À propos de Robert Gardner

Version française

Les films non fictionnels de Robert Gardner renferment des contradictions profondes et significatives : ils sont immédiatement beaux et dérangeants, instructifs et mystérieux, brutalement vrais et mystiquement transcendants. Dans vingt-neuf œuvres achevées, dont beaucoup étudient la vie quotidienne et les rituels des sociétés de chaque continent habité, Gardner explore finement les frontières délicates qui ont toujours défini le documentaire – les limites poreuses et glissantes entre les faits objectifs et leur récit subjectif. Dans l’œuvre de Gardner, cette dynamique s’entrelace de façon inextricable avec les relations forgées entre les habitants des cultures indigènes et leurs visiteurs occidentaux. Il aborde le cinéma ethnographique d’une manière poétique, comblant les fissures entre la science et l’art en anthropologie, continuant et développant la tradition humaniste initiée par Robert Flaherty.

La stature et l’influence de Gardner s’étendent bien au-delà de ses propres projets de cinéaste : il a soutenu la culture la plus importante depuis des décennies en tant qu’écrivain, éducateur et mécène d’autres artistes. A cet égard, l’une de ses plus anciennes initiatives a été la fondation du Film Study Center au Musée Peabody de Harvard en 1957, après avoir préparé un diplôme universitaire d’anthropologie, et dont il fut le directeur jusqu’en 1997. Dédié au soutien d’artistes explorant le monde par des moyens audio-visuels, le Film Study Center a, grâce à ses bourses annuelles, financé le cinéma d’animation de Jan Lenica, les documentaristes Rob Moss et Ross Mc Elwee, des cinéastes avant gardistes telles que Sharon Lockhart et Amie Siegel, parmi beaucoup d’autres. Gardner également a soutenu des auteurs d’autres façons, en finançant de nombreuses années des récompenses comme le Prix Basil Wright pour le Cinéma Ethnographique et la bourse Gardner en photographie, pour ne donner que deux exemples.

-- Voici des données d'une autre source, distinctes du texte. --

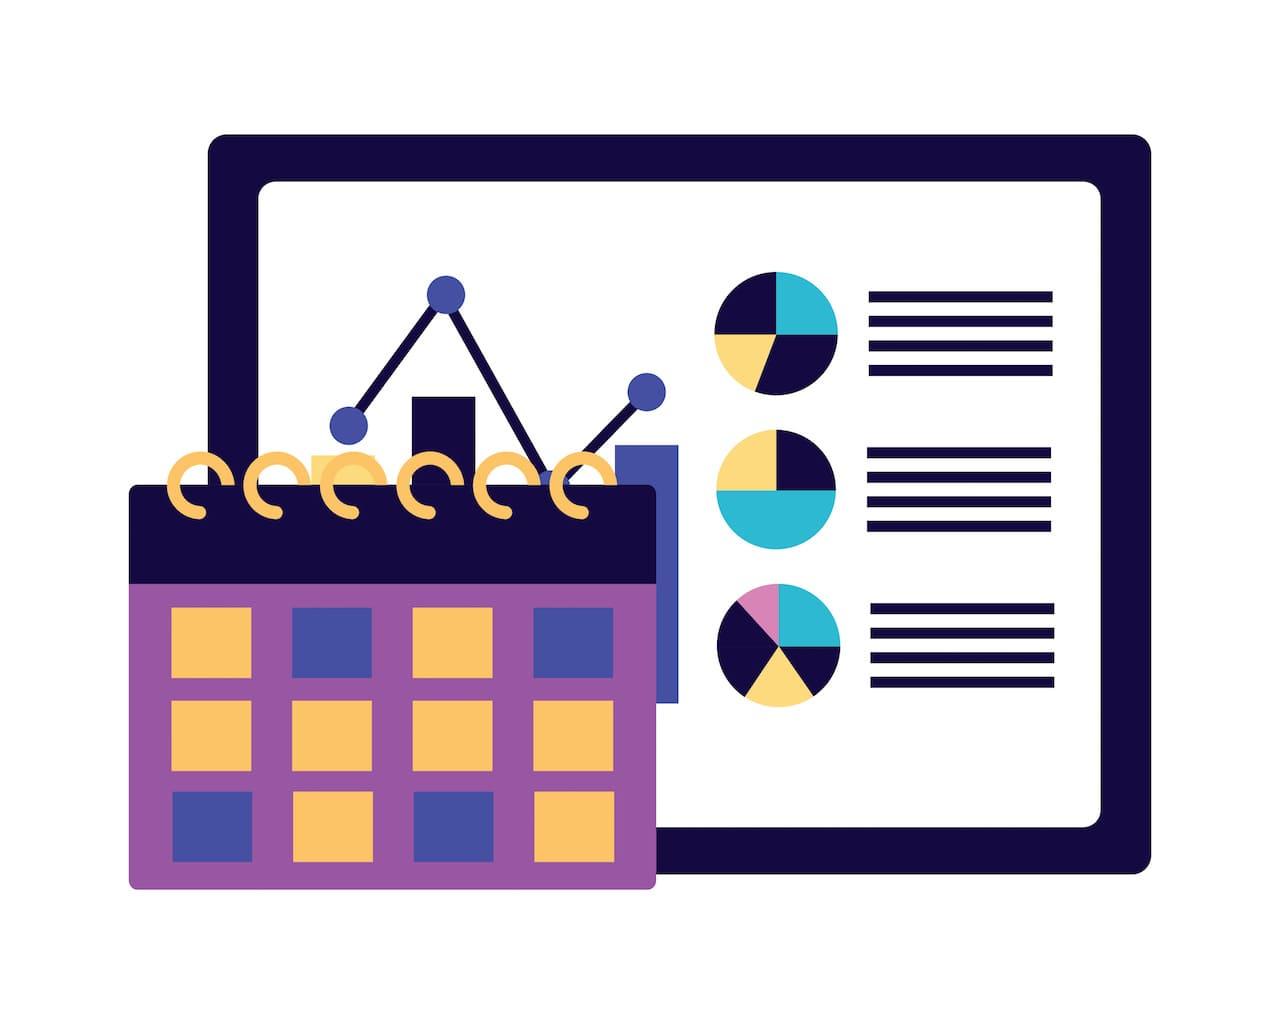 【Excel】EDATE関数を使って、年度を表す方法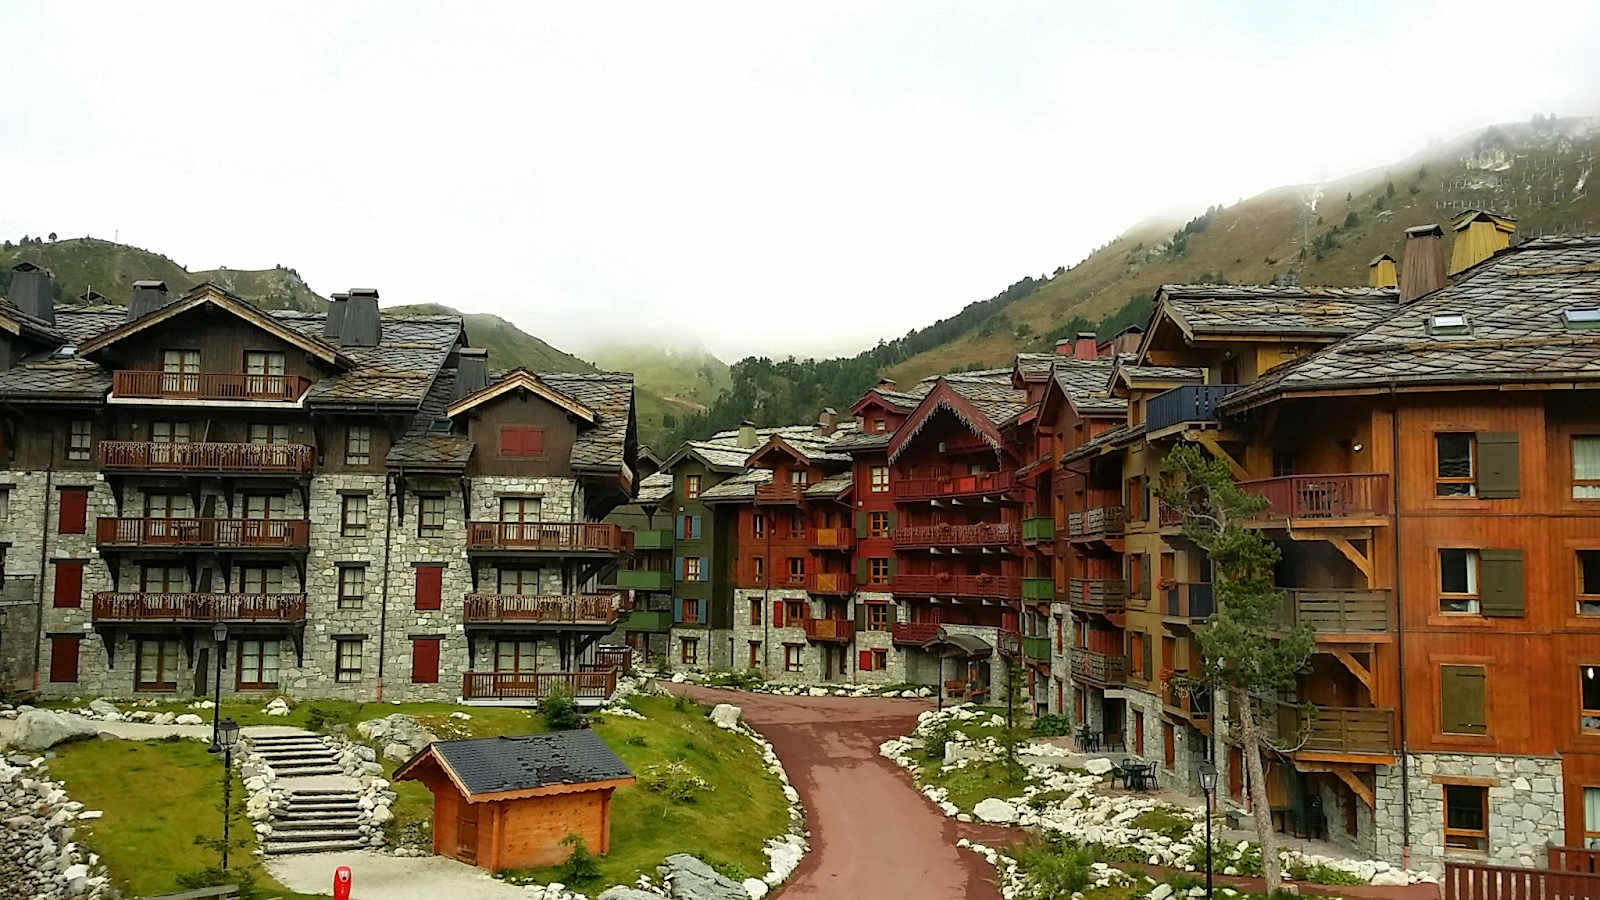 Les Arc skii area

Vers la fin des années 1950, influencé par les écrits de Ruth Benedict, Gardner avait tourné des séquences sur les Indiens Kwakiutl de Colombie Britannique, mais il lui restait encore à terminer ce qui devinrent ses films les plus célèbres. Néanmoins, l’essai de Gardner "Anthropologie et cinéma", écrit durant les premiers mois d’existence du Film Study Center, conçoit une théorie du rôle du cinéma dans l’enregistrement d’autres cultures qui pouvait déjà servir de description de la pratique de Gardner. « L’observation directe, écrit-il, est peut-être la méthode la plus basique et la plus indispensable par laquelle l’homme s’étudie, et pourtant sa pratique demande plus de vision humaine qu’il n’est raisonnable d’attendre ». Le cinéma, suggère Gardner, peut améliorer et amplifier la capacité humaine à l’aperçu interculturel. « L’œil est le pont principal pour de telles traversées, et aussi la première ouverture par laquelle la réalité peut atteindre un centre humain et devenir perception, un pont et une ouverture sans fiabilité ni consistance », écrit-il, notant qu’il espérait qu’au Film Study Center, « le genre de spectacle que la caméra produit pourrait être partagé de façon expressive en permettant aux gens de se voir à travers son regard. »

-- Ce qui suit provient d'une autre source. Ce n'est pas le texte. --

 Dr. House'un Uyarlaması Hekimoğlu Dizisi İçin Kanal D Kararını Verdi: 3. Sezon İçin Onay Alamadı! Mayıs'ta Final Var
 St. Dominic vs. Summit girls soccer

Souligner la proposition de Gardner relève d’un humanisme fondamental : que nous partagions tous un niveau d’expérience compréhensible, même à travers les plus grandes différences sociétales. « Les gens sont semblables physiologiquement et neurologiquement », écrit-il. « De même ils sont semblables quand ils font face à une séquence inévitable de réalité ayant à voir avec le développement physique et émotionnel. Les gens naissent, se développent et meurent. D’une certaine façon, tous aiment, détestent, donnent de la joie et souffrent. L’existence même d’une capacité humaine à partager les sentiments de chacun présuppose qu’une telle base de similarité souligne ces sentiments, en dépit de la variété de l’expérience culturelle. »

Ces idées sont pleinement développées dans la première œuvre importante de Gardner, Dead Birds (1963), qui se déroule au sein du peuple Dani de Nouvelle Guinée Occidentale. A l’époque, celui-ci vivait avec un minimum de contact avec le monde plus vaste et plus avancé du point de vue technologique. La narration en voix off de Gardner dans la séquence d’ouverture du film introduit une fable sur les origines de la mort : il y a longtemps, sans le vouloir, les humains ont perdu le pari entre le serpent et l’oiseau, déterminant si nous allions vivre éternellement comme le serpent qui perd sa peau, ou finir par mourir, comme l’oiseau. Les symboles du serpent et de l’oiseau sont déclinés de nombreuses façons, tandis que Gardner nous présente le système élaboré de la guerre entre groupes, sans fin et ritualisée, propre aux Danis. Les batailles éternelles des Danis, pour leur part, semblent parler des problèmes universels de la guerre, et plus spécifiquement de la situation politique mondiale de l’époque, qui semblait alors aussi sans intérêt ni fin. « La portée allégorique de Dead Birds a dû sembler évidente pour les spectateurs de 1963, quand le Mur de Berlin était encore neuf », observe le critique Elliot Weinberger. « C’est une nouvelle représentation de la Guerre Froide qui se prolongeait et qu’enduraient les âmes insignifiantes de l’Est et de l’Ouest. »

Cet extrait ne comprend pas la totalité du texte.